■ **TASK GOAL**
With pictures removed, print the listing exactly.

■ **AVAILABLE DATA**

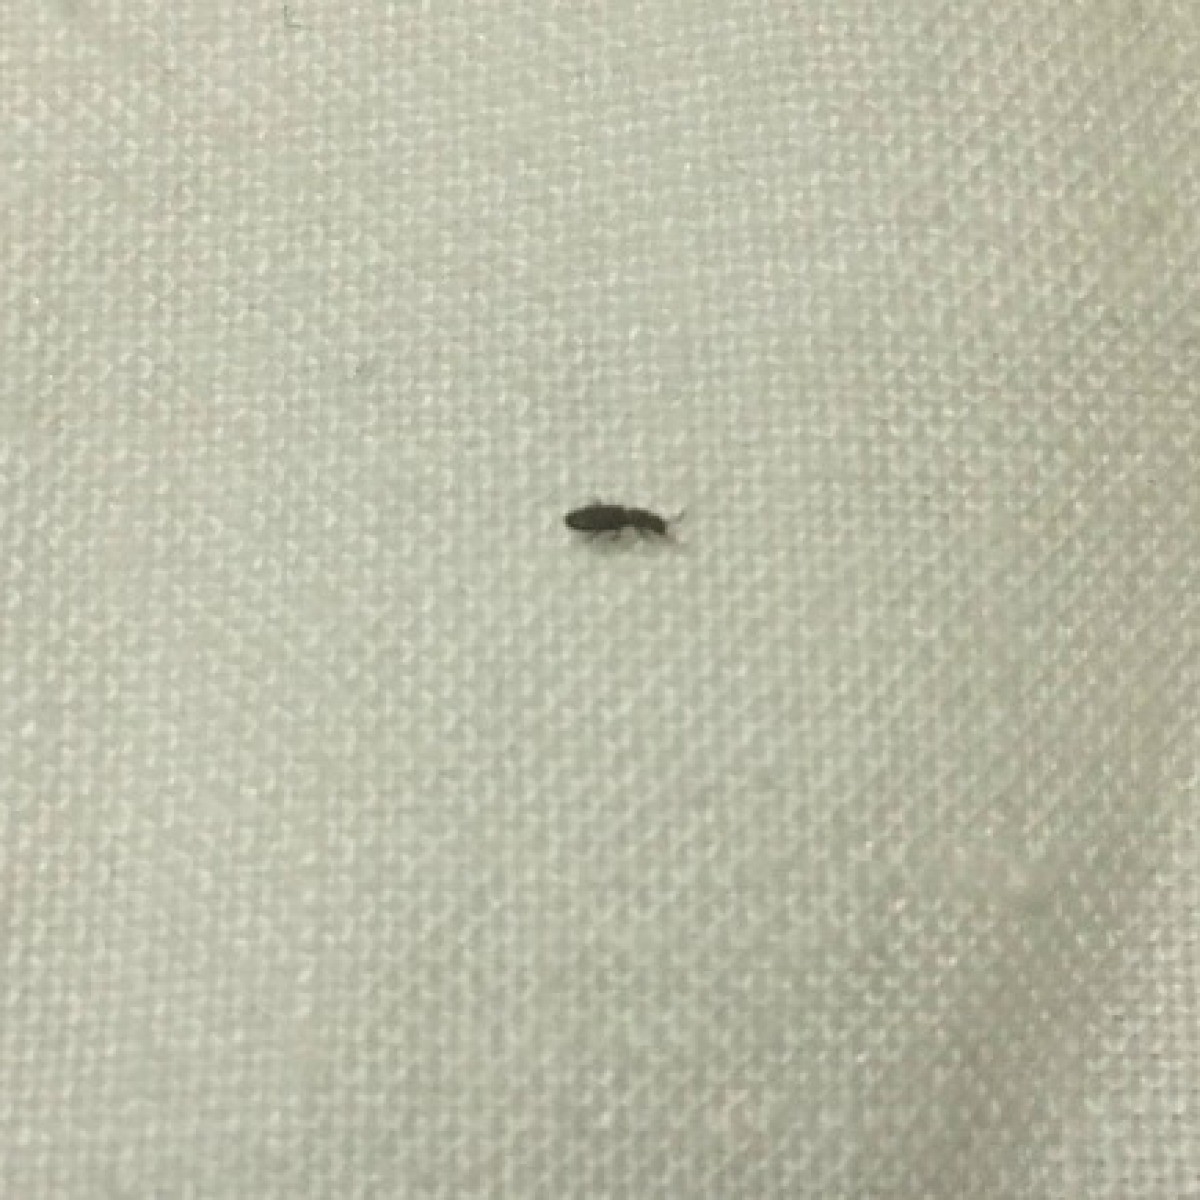 Identifying Tiny Flying Black Insects Thriftyfun - Vrogue
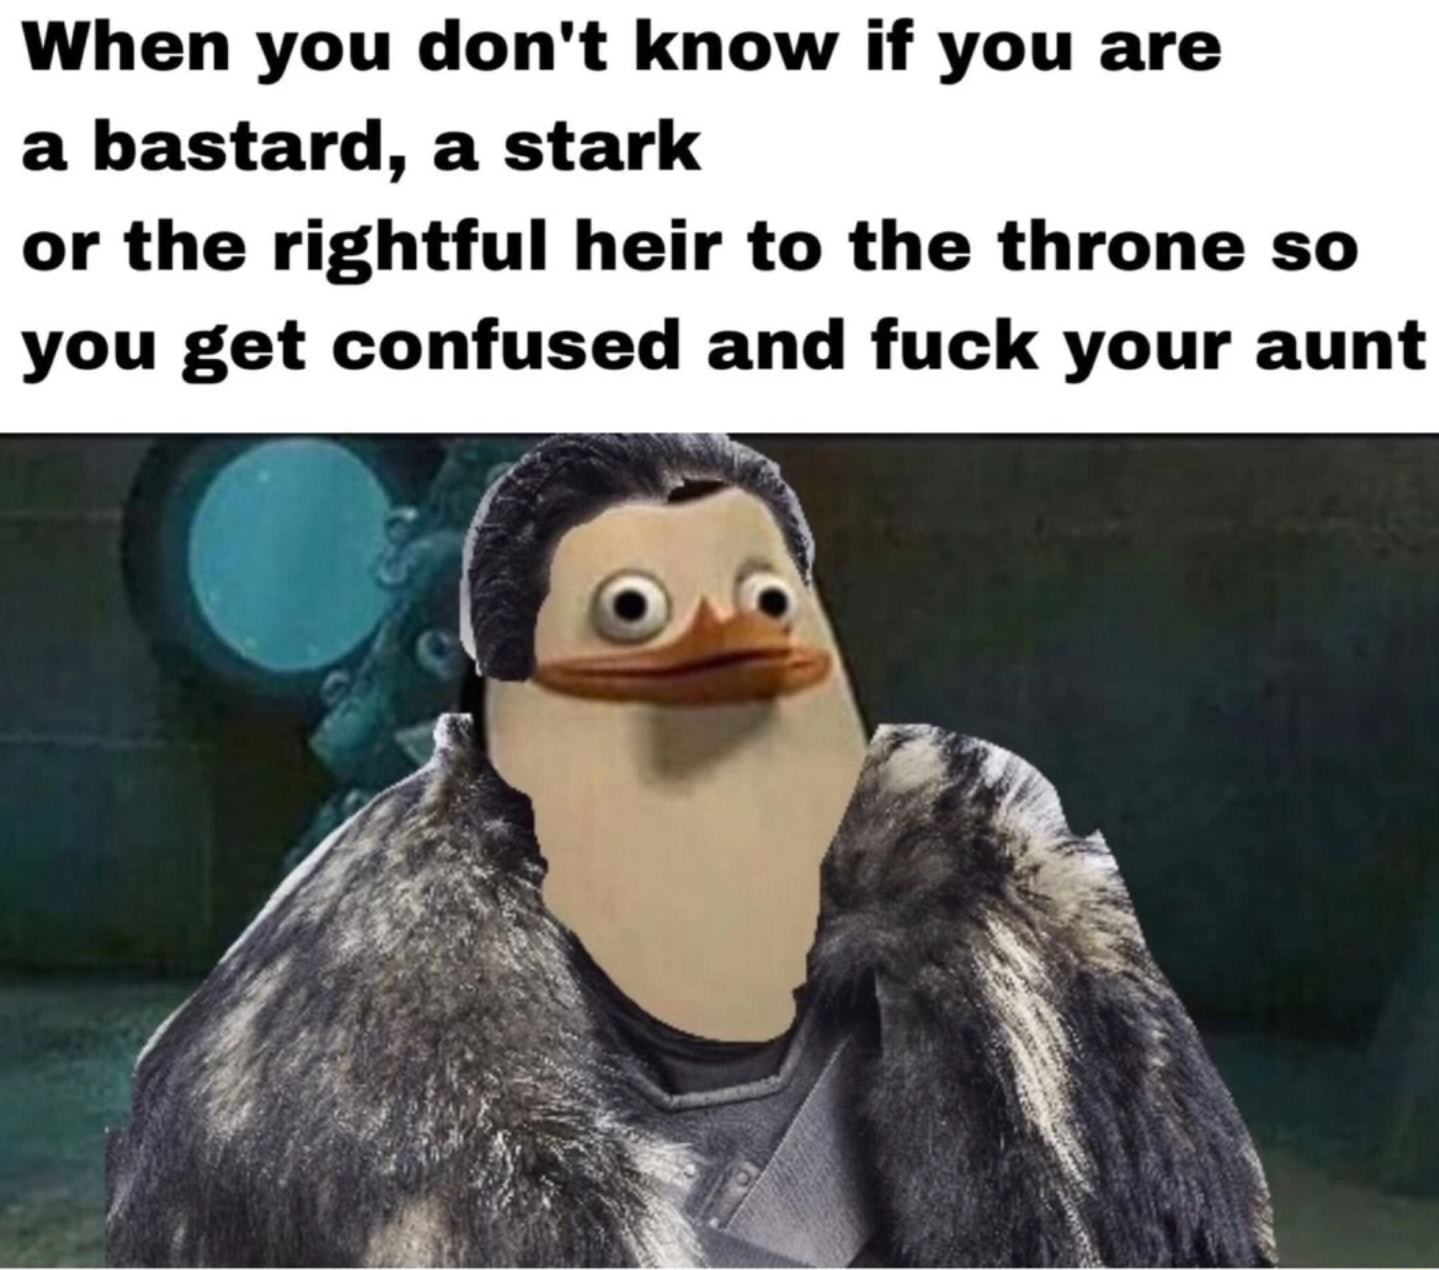 memes - jon snow get confused meme - When you don't know if you are a bastard, a stark or the rightful heir to the throne so you get confused and fuck your aunt
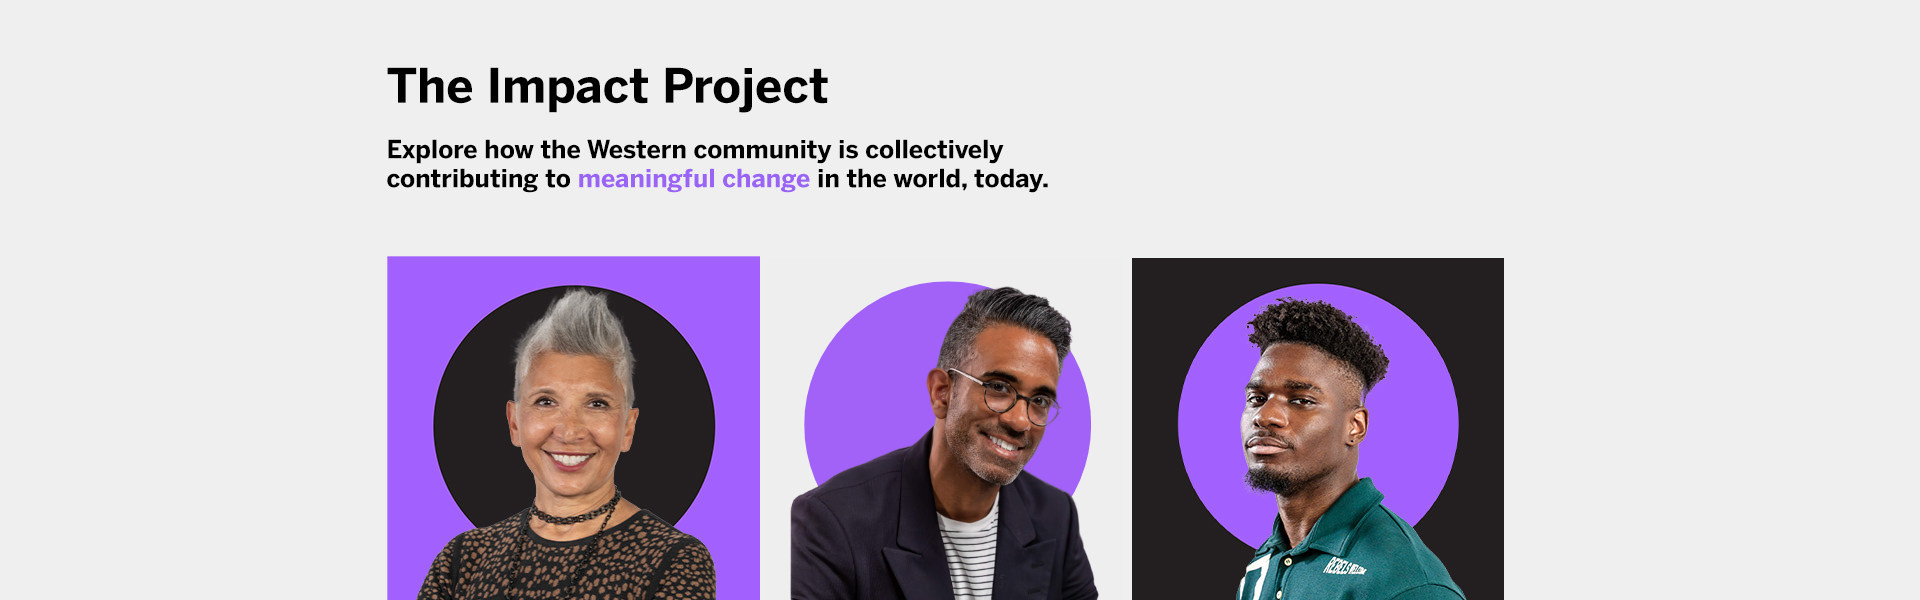 The Impact Project - Explore how the Western Community is collectively contributing to meaningful change in the world, today.

■ **RESPONSE FOR THIS EXERCISE**
 Identifying Tiny Flying Black Insects Thriftyfun - Vrogue
 memes - jon snow get confused meme - When you don't know if you are a bastard, a stark or the rightful heir to the throne so you get confused and fuck your aunt
 The Impact Project - Explore how the Western Community is collectively contributing to meaningful change in the world, today.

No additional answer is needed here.